Селиванов изобразил восхищение.
— А ты заметил, как она произносит слово «папа»? Словно учится его произносить, сама его слушает! Так же, как и я… Мы с ней учимся быть отцом и дочерью… Ты заметил, она произносит слово «папа» иногда только для того, чтобы услышать его, ведь раньше, если произносила, так только в мыслях или шепотом… Но ведь, наверное, совсем другое дело, когда на это слово кто-то откликается. Только тогда оно и звучит по-настоящему…
За спиной — шаги.
— Господи! Папа! Я уже не знала, что и думать! Ну зачем ты один уходишь!
На глазах слезы. Причесаться после сна не успела, в платьице, босиком… Опустилась около отца на колени, с осторожной, робкой лаской коснулась его руки. Было в этом прикосновении столько сокровенного, что Селиванов отвел глаза, сотрясаясь от зависти и от досады на самого себя. «Неужели он и вправду помрет?!» — впервые всерьез подумал он, и незнакомое ощущение крадущегося, шуршащего ужаса обнаружил где-то под сердцем, почти в животе. Он, видевший смерть и творивший ее сам, видно, самую жуть смерти не ухватывал, потому что не знал жалости.
— Пойду однако… — растерянно пробормотал он, надевая лямки мешка на плечи.
— И ты иди! — сказал офицер дочери. — А я еще посижу. Поди! Поди! Помоги Андриану Никанорычу с продуктами разобраться, да чайком напои, с дороги он…
Несогласная, но послушная, она поднялась и, не говоря ни слова, пошла по тропе впереди Селиванова. Через несколько шагов он заметил, как в беззвучных слезах дрогнули ее плечи.
— Сердце себе не рви и ему боль не усугубляй! — прошептал Селиванов ей в спину. — Отвлекать его надо от черной думы! Черная дума человека подталкивает, куда ей надо! Понимаешь?
Она кивнула.
— Забытие про болезнь да корень целебный — одна надежда!
— Мама, когда была жива, рассказывала о нем как о неживом.
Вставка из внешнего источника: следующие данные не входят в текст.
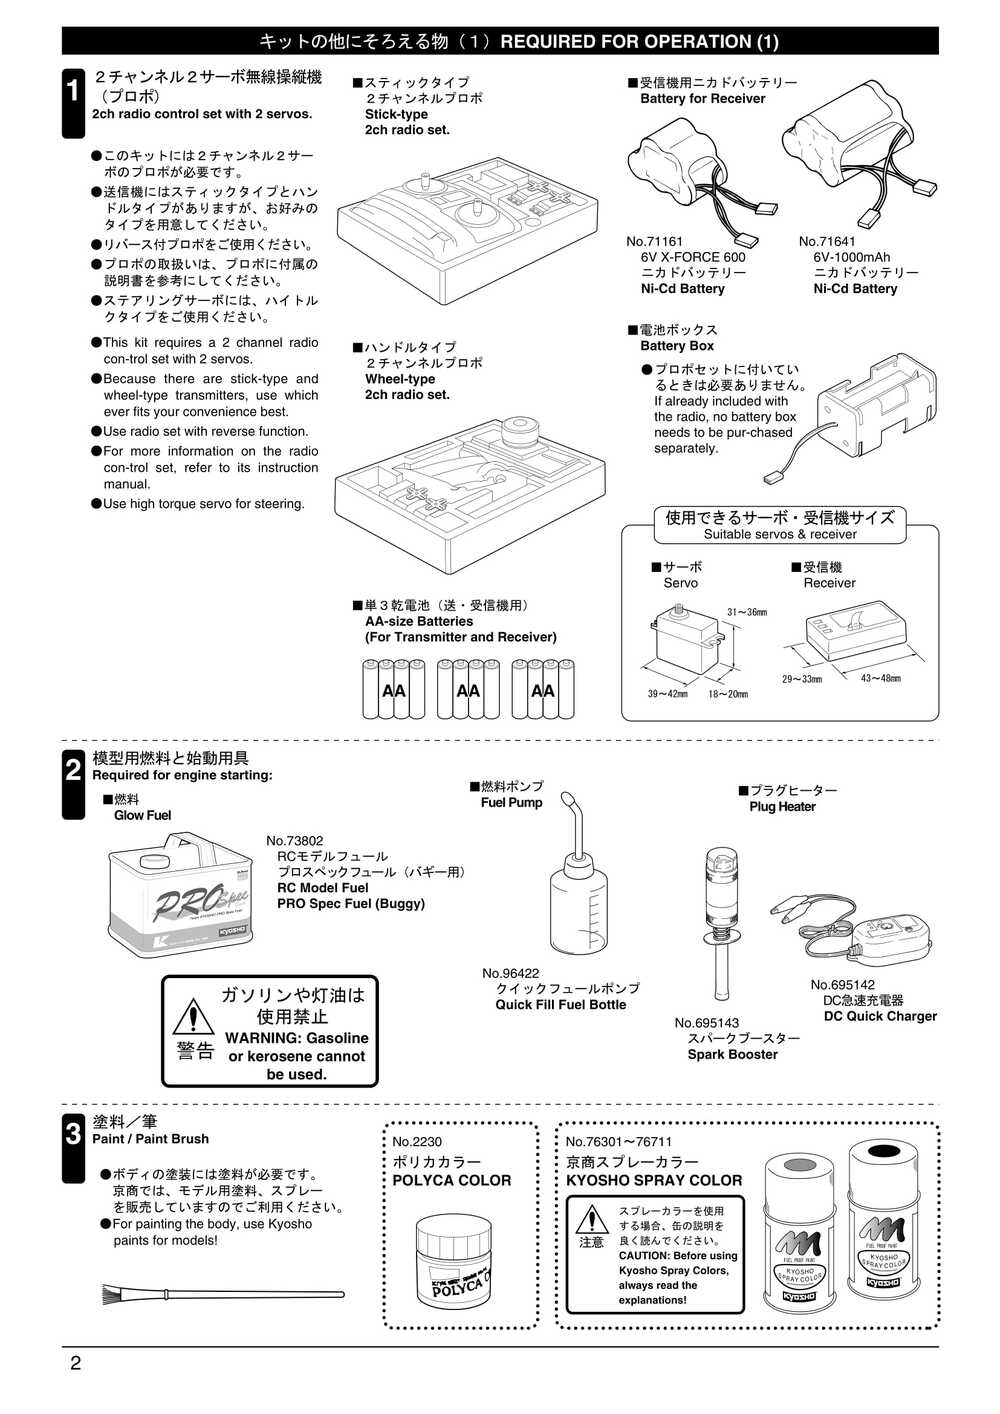 Kyosho - 31221 - Mad-Force - Manual - Page 02

Я привыкла, что он просто был когда-то… И вдруг — он! Словно воскрес ненадолго, чтобы снова уйти… Я не могу!
Она опустилась на мох и заплакала в голос. Селиванову присесть рядом мешал мешок за спиной, он нагнулся, сколько позволяла тяжесть, зашептал горячо:
— Перестань, говорю! Слышь! Щас же перестань! Тебе Бог, считай, с того света послал дочерность познать! А сколько после той резни сиротами вечными остались!
Она не принимала его слов, потому что не было в них справедливости для нее, а лишь правда, которую она и так знала, и неизвестно, может, лучше б и не знала…
— Как я жить теперь буду! — крикнула она. И Селиванов не нашелся, что ответить, лишь взял ее крепко за плечи и поднял на ноги.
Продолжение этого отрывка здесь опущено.